# G7947 Drill Press



## Janderso (Apr 15, 2018)

Hello,
I purchased my first Grizzly machine. The drill press vibrates when drilling. I was drilling a 3/4 hole, well secured. The pilot holes had a similar shudder. I tried another (Jacobs) chuck, no change. Speed, 640 mild steel, 3/4 bit. Faster on pilots.
The spindle is true, I checked the fasteners to all the obvious points. It’s more of harmonic resonance than vibration.
Is it because of the light framing?
If I secure it to the concrete will it improve?
I am unable to upload a pic (unable to attach file, try again later) from this site.


----------



## Dave Paine (Apr 15, 2018)

I have a Powermatic 17in drill press, marketed to wood workers, which was my use at the time of purchasing.   The quill on my machine has some play in the key between quill and shaft.   When I look at drill presses I always try rotating the chuck back and forth to see is any play.   Most drill presses even on the sales room floor have had some play.

If the Grizzly drill press has play, this could cause chatter when drilling steel, especially with 3/4in bit.   I would have set a slower speed for that size drill.

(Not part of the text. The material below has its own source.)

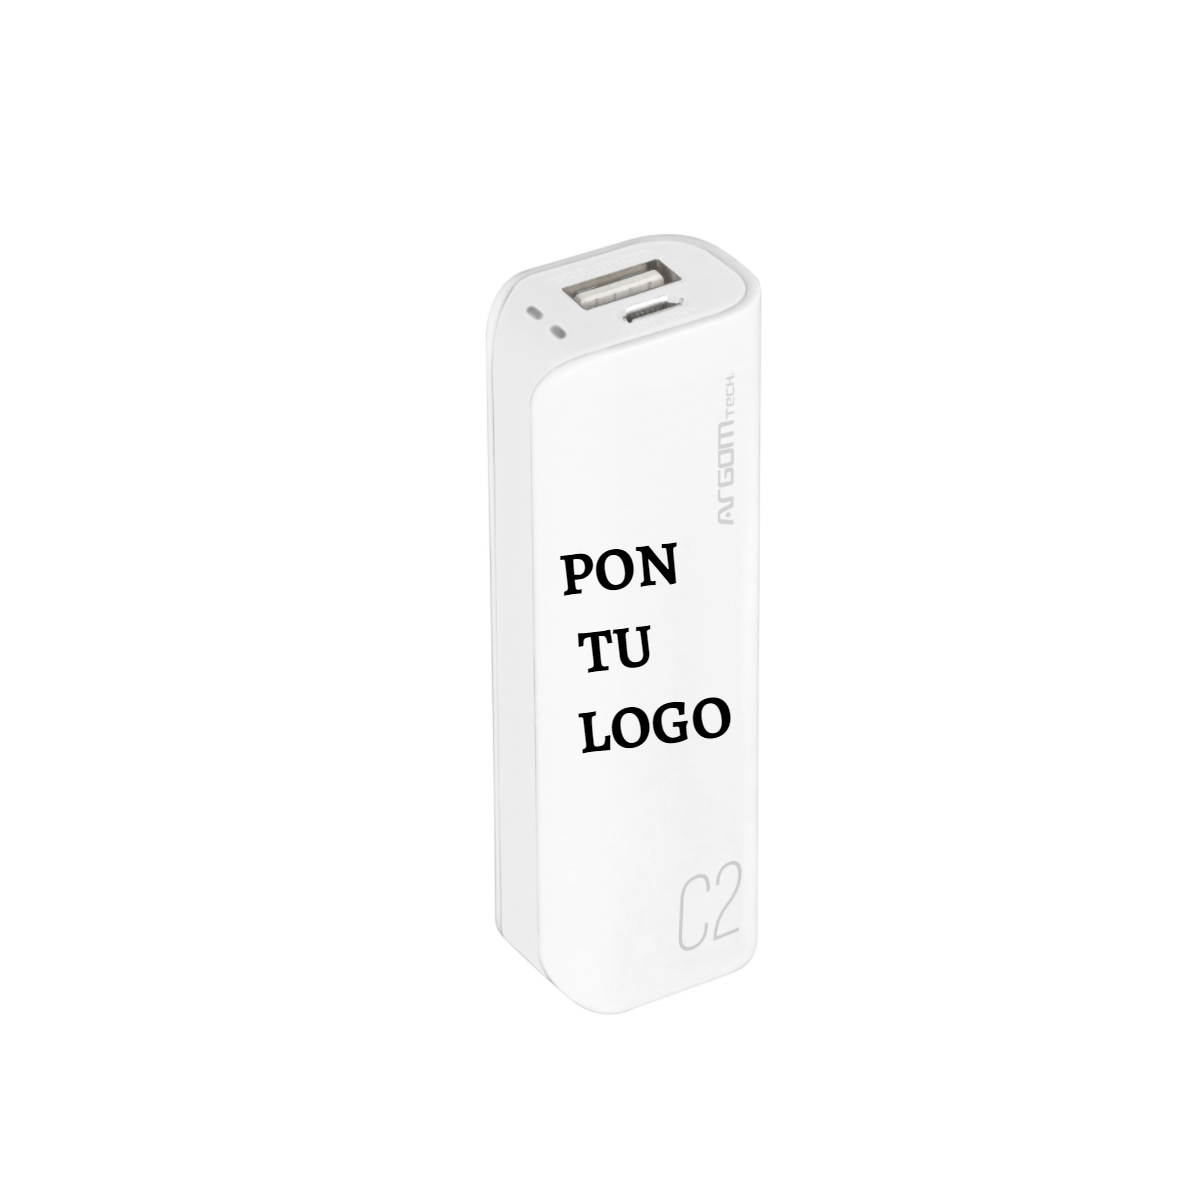 100 PERSONALIZED POWER BANK C2 2500MAH WHIT YOUR LOGO

One day I may take my Powermatic apart and try and fix the play.


----------



## dlane (Apr 15, 2018)

Sounds kinda fast to me for a 3/4” drill ,  dose it go slower ? , may try the BP


----------



## Janderso (Apr 15, 2018)

I was using the old standard, mild steel 100 SFPM X 4 = 400, divided by .750= 533 rpm. What was I running? 640.?


----------



## Janderso (Apr 15, 2018)

Maybe that’s it, too fast?


----------



## mattthemuppet2 (Apr 18, 2018)

if you get chatter while drilling large(ish) holes, slow the rpm down until you get a good curling chip. From (dim) memory, I usually run 3-400rpm with a 1/2" drill in steel. I would start a 3/4" drill at 250rpm or so and adjust from there.


----------